It has been suggested that class II bHLH proteins, the class that includes SAGE, can heterodimerize with DA (Ledent and Vervoort, 2001). To test whether SAGE indeed forms a complex with DA, we used a GST pulldown assay with 35SDA protein and GST-SAGE. DA protein bound to GST-SAGE but not GST alone (Fig. 3I). In addition, DA did not bind to a truncated SAGE that lacked the C-terminal bHLH domain (data not shown). These observations show that DA can partner with SAGE in vitro and suggest that SAGE and DA form a complex in vivo to regulate the expression of sens in the salivary glands.
In the sensory organ precursors of the PNS, sens is necessary to maintain the expression of the proneural genes (Nolo et al., 2000). Similarly, we find that sage RNA is decreased in sens mutants (Fig. 3B,F), suggesting a positive feedback loop between sens and sage. However, expression of da appears to be unaffected in sens mutants (data not shown).

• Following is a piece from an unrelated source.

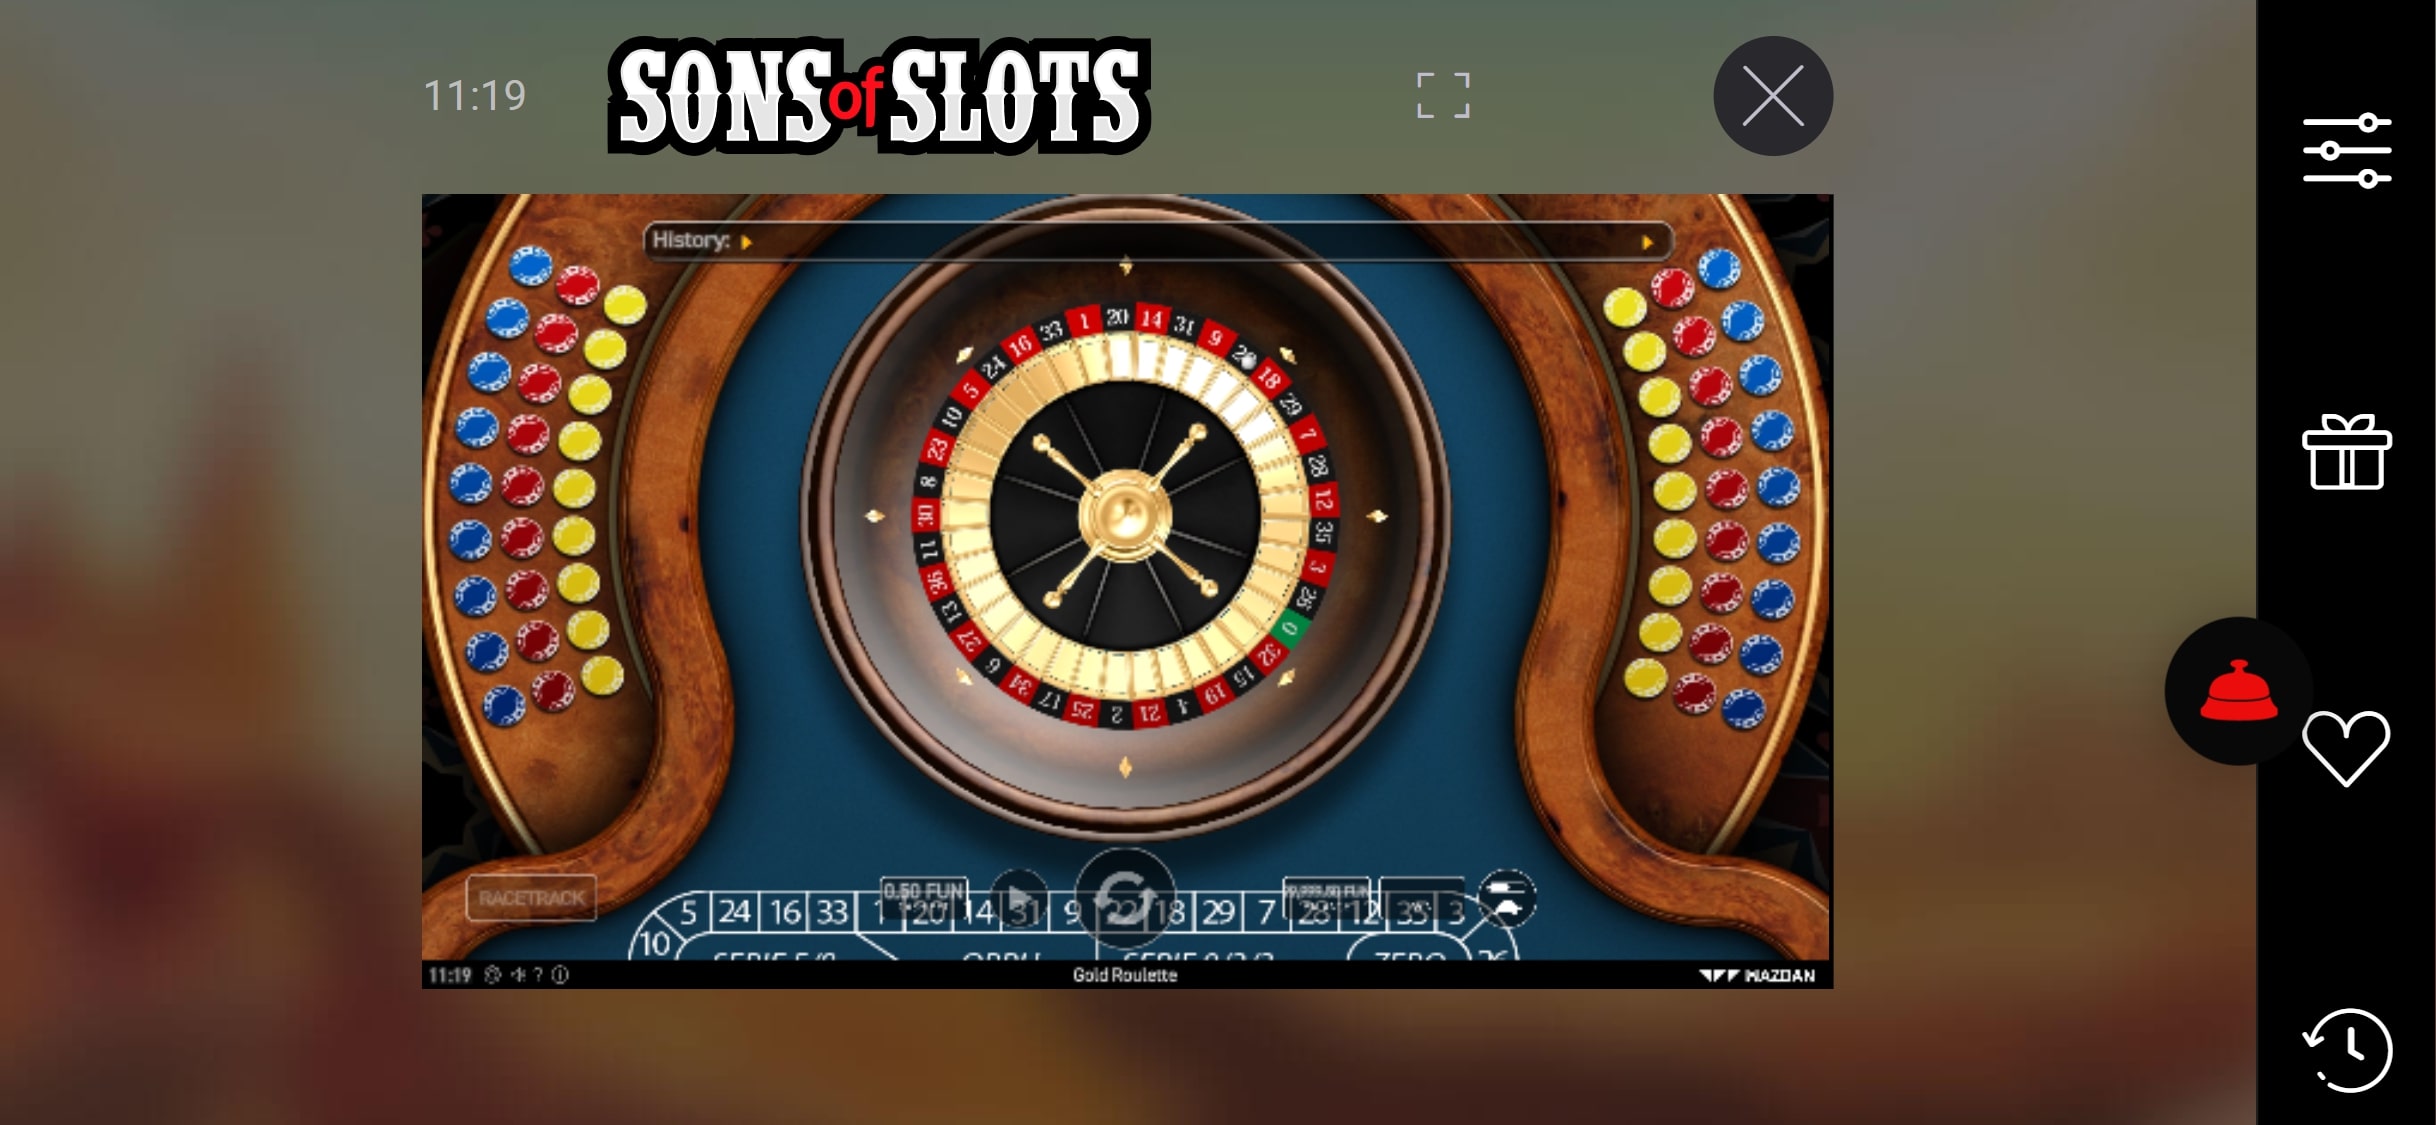 Sons of Slots Mobile Casino Games Review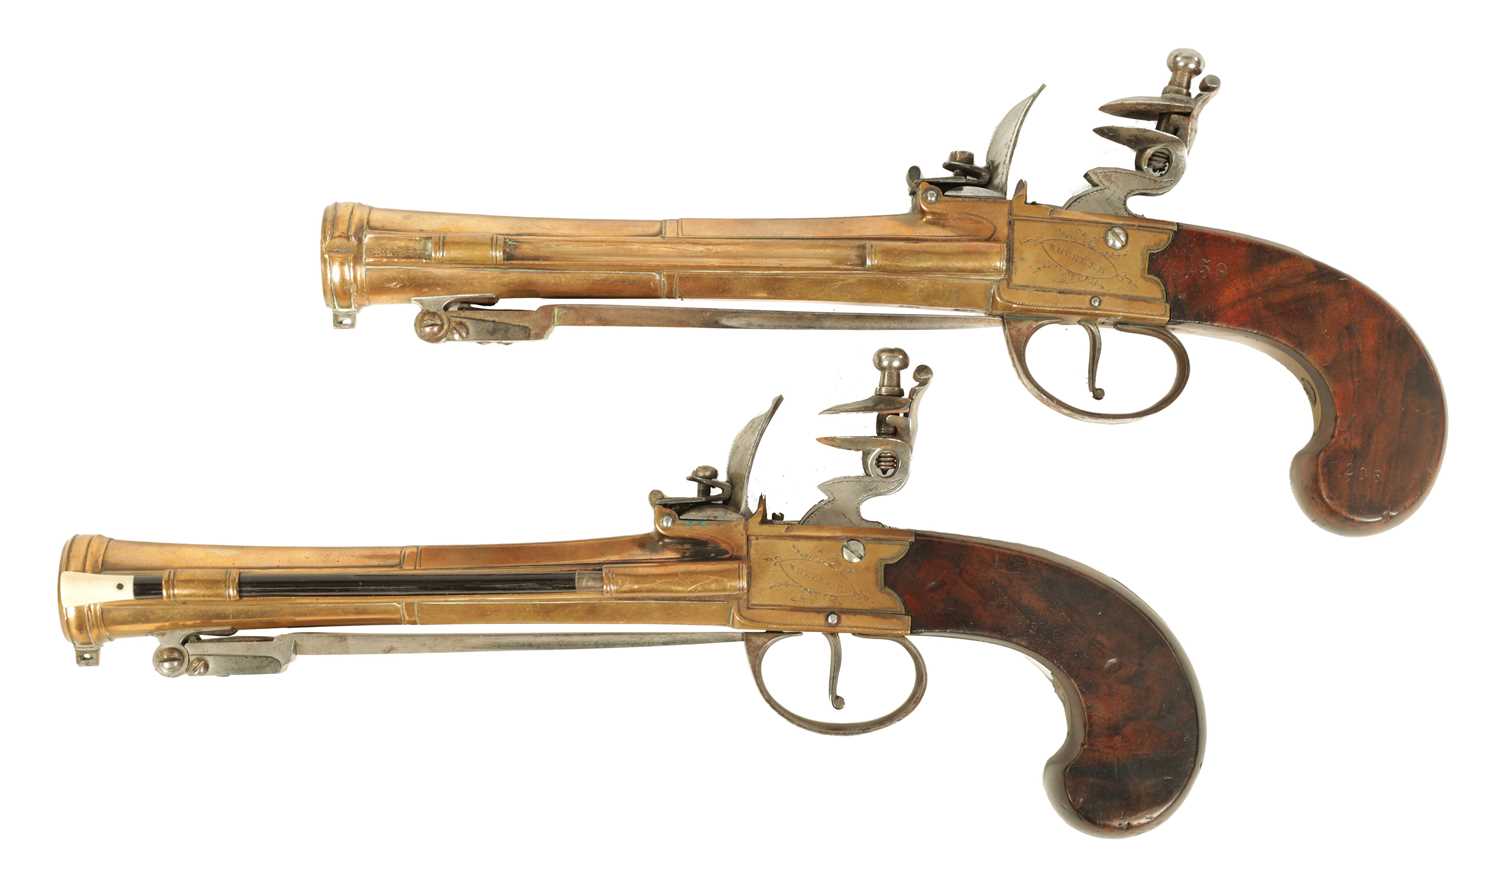 Lot 681 - WHEELER. A GOOD PAIR OF EARLY 19TH CENTURY BRONZE FRAMED BOXLOCK  BLUNDERBUSS PISTOLS WITH UNDER FLICK BAYONETS

fkh is necessary for initiation of sens expression in the salivary glands
Although da and sage are necessary for maintaining sens expression, initiation of sens in the salivary placodes did not depend on either of these genes. As sens expression in the salivary placodes initiates at stage 11, later than primary Scr target genes, we thought sens might be indirectly activated by Scr through one of these primary targets. As expected, we found that sens expression is absent in Scr mutant embryos. sens expression was unchanged in embryos mutant for several Scr-regulated early transcription factors such as huckebein (Fig. 4C), trachealess and eyegone (data not shown). However, fkh mutant embryos show a complete absence of sens expression in the salivary placodes and never express sens at the later stages. The expression of sens in the PNS is unaffected in these mutants (Fig. 4B). da and sage RNAs were unchanged at stages 10 and 11 in fkh mutants, indicating that the lack of sens is not due to the effects on sage or da expression. There was a slight reduction in sage RNA at stage 12 (data not shown), which may be due to the positive feedback loop between sens and sage in the salivary placodes. Thus, sens expression in the salivary placodes is initiated by fkh and is maintained at high levels throughout embryogenesis by da and sage.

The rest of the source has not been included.